Implementation:Online ml River Metrics SampleAverage
| Knowledge Sources | |
|---|---|
| Domains | Online_Learning, Evaluation_Metrics, Multi_Output_Learning |
| Last Updated | 2026-02-08 16:00 GMT |
Overview
Sample-average wrapper evaluating the metric on each sample independently and averaging results.
Description
SampleAverage wraps any single-output metric for multi-output problems by computing the metric separately for each sample's outputs, then averaging across all samples. For each sample, it creates a fresh metric instance, updates it with all output values from that sample, and stores the resulting metric value. The final score is the arithmetic mean across all per-sample scores. This is equivalent to scikit-learn's average='samples' parameter.
Usage
Use SampleAverage when you want to evaluate performance sample-by-sample rather than output-by-output or globally. This approach gives equal weight to each sample regardless of how many outputs it has, making it suitable when sample-level performance is more important than output-level or global performance.

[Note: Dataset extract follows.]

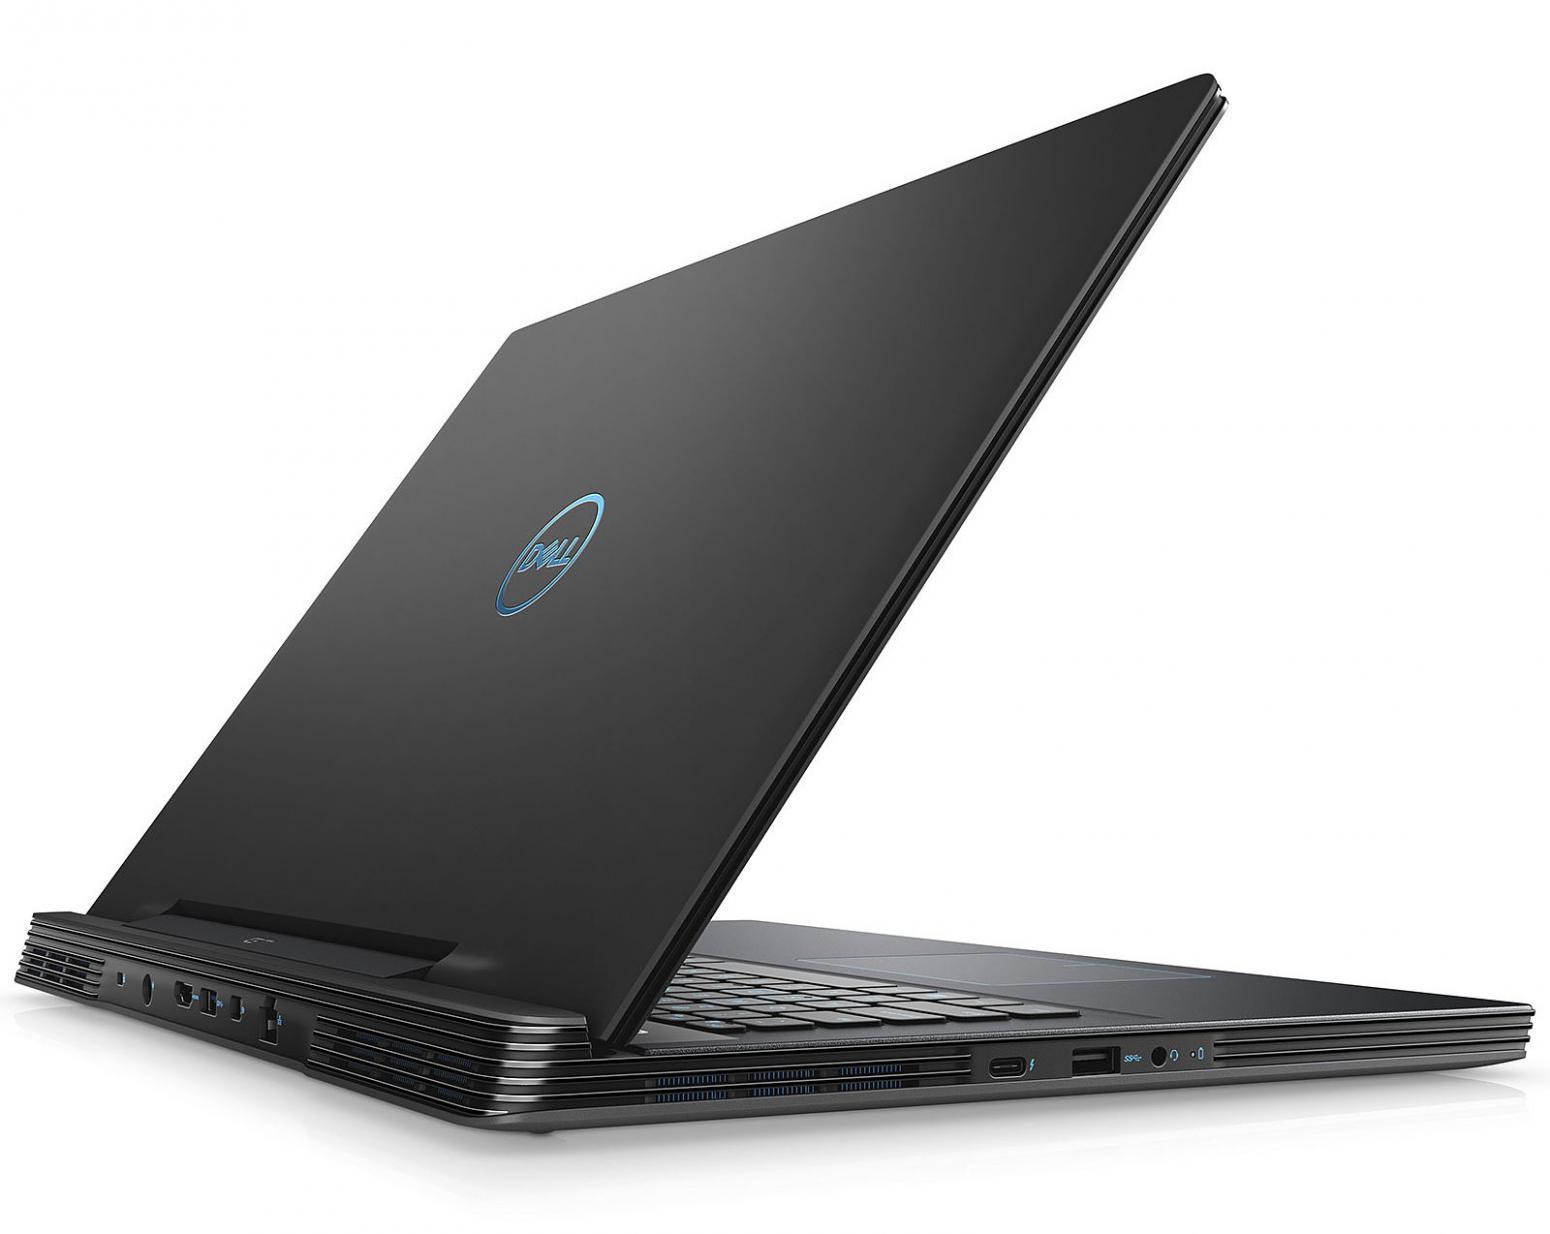 Ordinateur portable Dell G7 17 7790 (29D8X) Noir - RTX 2060, Hexa Core i7 - photo 4
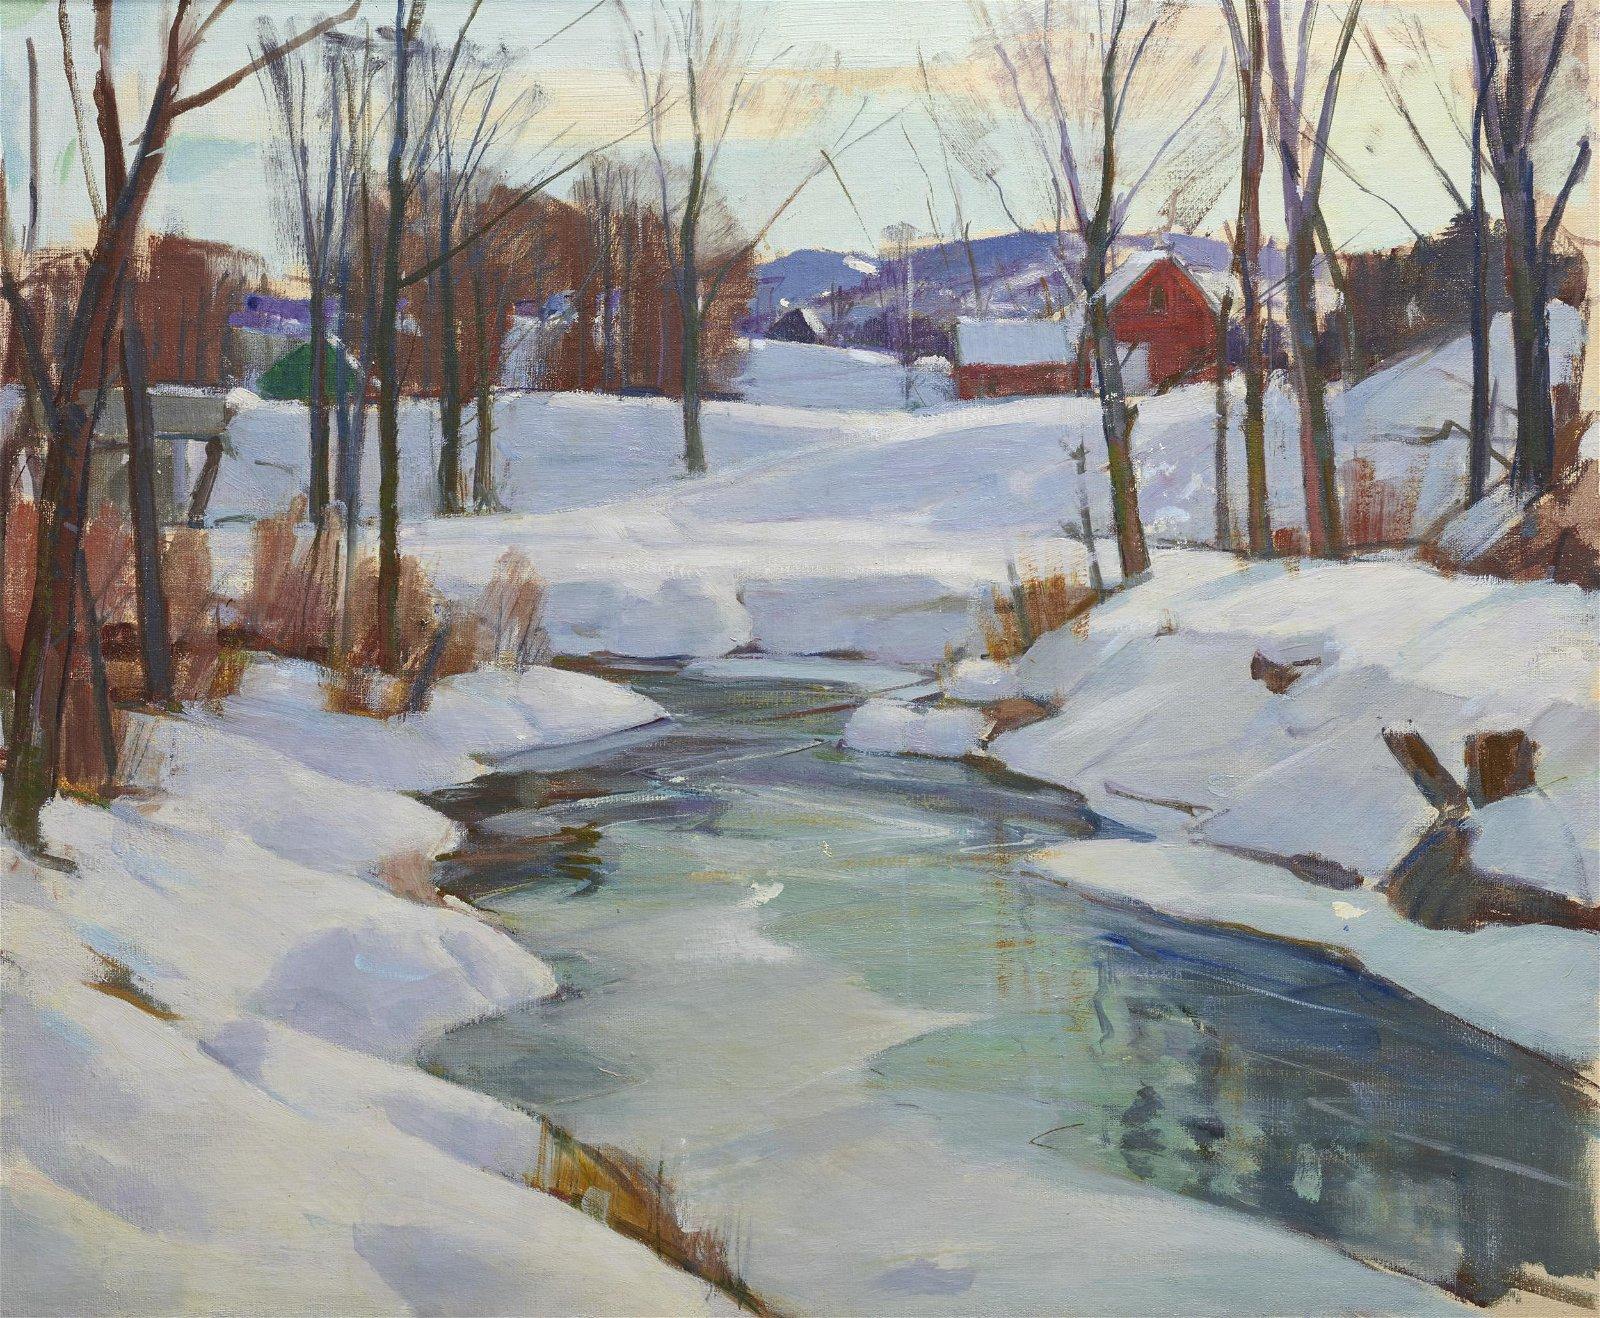 CARL PETERS, (American, 1897-1980), Winter Stream, oil

It's particularly useful in multi-label classification when you want to know how well the model performs on average across individual instances.
Code Reference
Source Location
- Repository: Online_ml_River
- File: river/metrics/multioutput/sample_average.py
Signature
class SampleAverage(MultiOutputMetric, metrics.base.WrapperMetric):
def __init__(self, metric):
# metric: Any classification or regression metric
pass
Import
from river import metrics
I/O Contract
| Method | Parameters | Returns | Description |
|---|---|---|---|
| update | y_true (dict), y_pred (dict), [w] | None | Evaluates metric on sample, adds to running average |
| get | - | float | Returns average metric value across all samples |
Usage Examples
from river import metrics
# Sample-average Jaccard score
sample_jaccard = metrics.multioutput.SampleAverage(metrics.Jaccard())
y_true = [
{0: False, 1: True, 2: True},
{0: True, 1: True, 2: False}
]
y_pred = [
{0: True, 1: True, 2: True},
{0: True, 1: False, 2: False}
]
for yt, yp in zip(y_true, y_pred):
sample_jaccard.update(yt, yp)
print(sample_jaccard)
# SampleAverage(Jaccard): 58.33%
# How it's computed:
# Sample 1: Jaccard across outputs {0,1,2} = 66.67%
# Sample 2: Jaccard across outputs {0,1,2} = 50.00%
# Average: (66.67 + 50.00) / 2 = 58.33%
# Compare with other averaging methods
macro_jaccard = metrics.multioutput.MacroAverage(metrics.Jaccard())
micro_jaccard = metrics.multioutput.MicroAverage(metrics.Jaccard())
for yt, yp in zip(y_true, y_pred):
macro_jaccard.update(yt, yp)
micro_jaccard.update(yt, yp)
print(f"Sample: {sample_jaccard.get():.2%}")
print(f"Macro: {macro_jaccard.get():.2%}")
print(f"Micro: {micro_jaccard.get():.2%}")
# Sample: Averages per-sample performance
# Macro: Averages per-output performance
# Micro: Global performance across all predictions
# Example showing sample weighting
sample_f1_weighted = metrics.multioutput.SampleAverage(metrics.F1())
y_true_w = [
{0: True, 1: True},
{0: False, 1: False},
]
y_pred_w = [
{0: True, 1: True}, # Perfect
{0: False, 1: False}, # Perfect
]
# Weight samples differently
sample_f1_weighted.update(y_true_w[0], y_pred_w[0], w=2.0)
sample_f1_weighted.update(y_true_w[1], y_pred_w[1], w=1.0)
print(f"Weighted sample F1: {sample_f1_weighted.get():.2%}")
# First sample has twice the influence on final score